When the employer wouldn’t spill the tea on the snitch’s identity, plaintiff sued. The trial court dismissed plaintiff’s pre-suit discovery petition and plaintiff appealed.
Affirming, the Court construed pre-suit discovery requests under Supreme Court Rule 224 narrowly. That rule allows a petitioner to discover the identity of someone who may be responsible in damages to petitioner.
To initiate a request for discovery under Rule 224, the petitioner files a verified petition that names as defendant the person(s) from whom discovery is sought and states why discovery (along with a description of the discovery sought) is necessary.
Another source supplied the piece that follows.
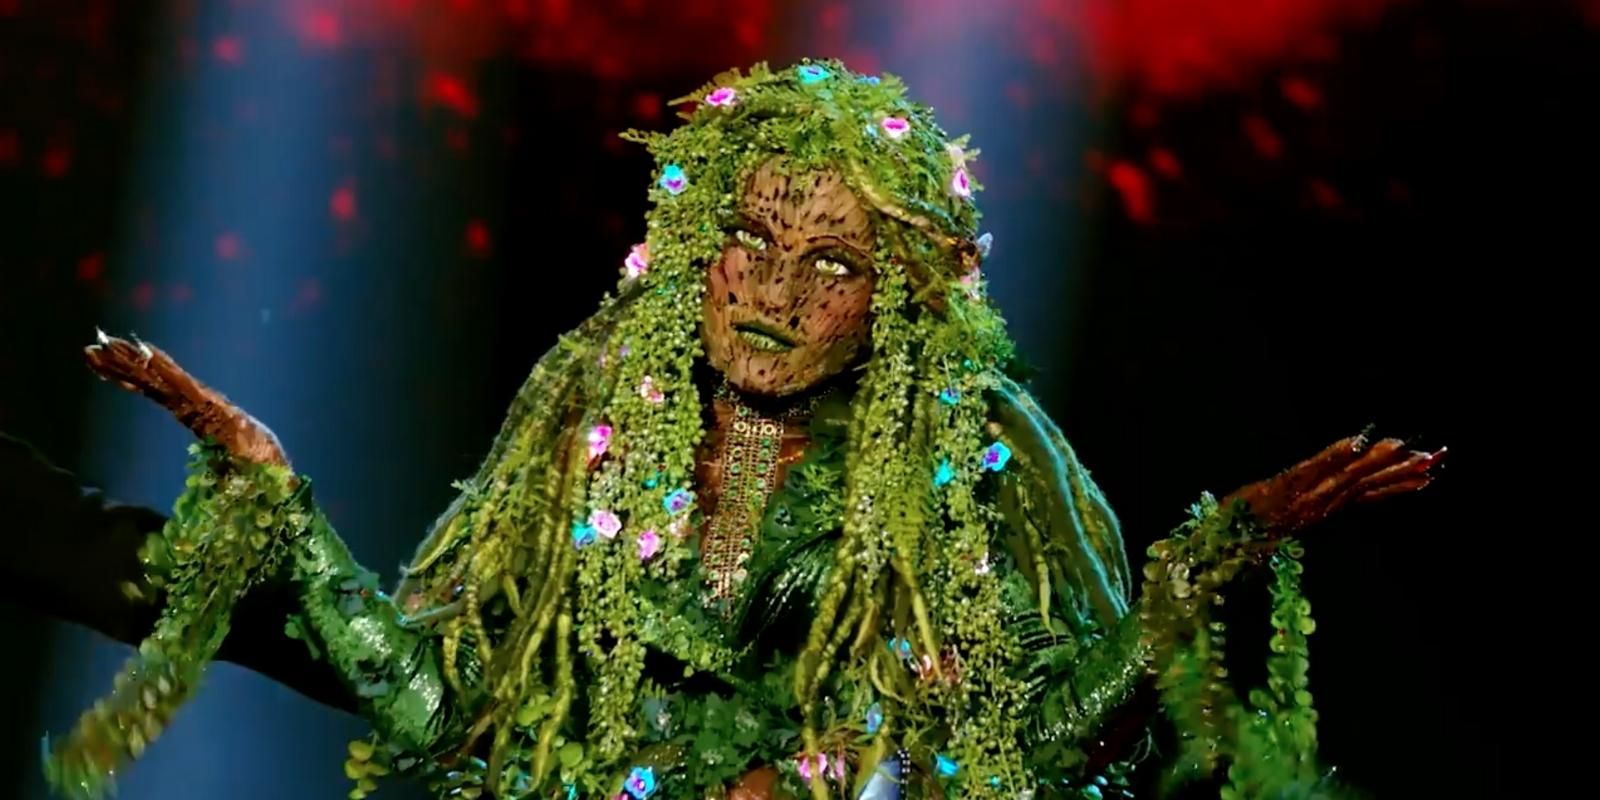 Mother Nature (Vivica Fox) poses on stage in The Masked Singer

An order granting a Rule 224 petition is limited to allowing the plaintiff to learn the identity of the responsible party or to at least depose him/her.
To show that discovery is necessary, the petitioner must present sufficient allegations of actionable harm to survive a Section 2-615 motion to dismiss. That is, the petition must state sufficient facts to state a recognized cause of action.
But Rule 224 limits discovery to the identity of someone who may be responsible to the petitioner. A petitioner cannot use Rule 224 to engage in a “vague and speculative quest to determine whether a cause of action actually exists.”
Here, the petitioner didn’t know what was actually said by the third party respondent. The Court viewed this as a tacit admission the plaintiff didn’t know if he had a valid claim.
The Court then focused on the veracity of the third-party’s statement. To be actionable, an intentional interference claim requires the supply of false data about a plaintiff. Accurate and truthful information, no matter how harmful, cannot underlie an intentional interference action. This is because allowing someone to sue on truthful information violates the First Amendment (to the Constitution) and chills free speech.
Truthful statement immunity is also supported by Section 772 of the Restatement (Second) of Torts which immunizes truthful information from contract interference liability. [(¶¶ 18-19]. And since the plaintiff’s claim was based on true information – that plaintiff was fired from his last job – the prospective interference claim was doomed to fail.
Afterwords:
This case portrays an interesting application of Rule 224 – a device often employed in the personal injury context. While the rule provides a valuable tool for plaintiffs trying to identify possible defendants, it doesn’t allow a freewheeling “fishing expedition,” The petitioner must still state a colorable claim. In this case, the Court viewed the potential for stifling free speech more worrisome than the individual plaintiff’s private contract rights.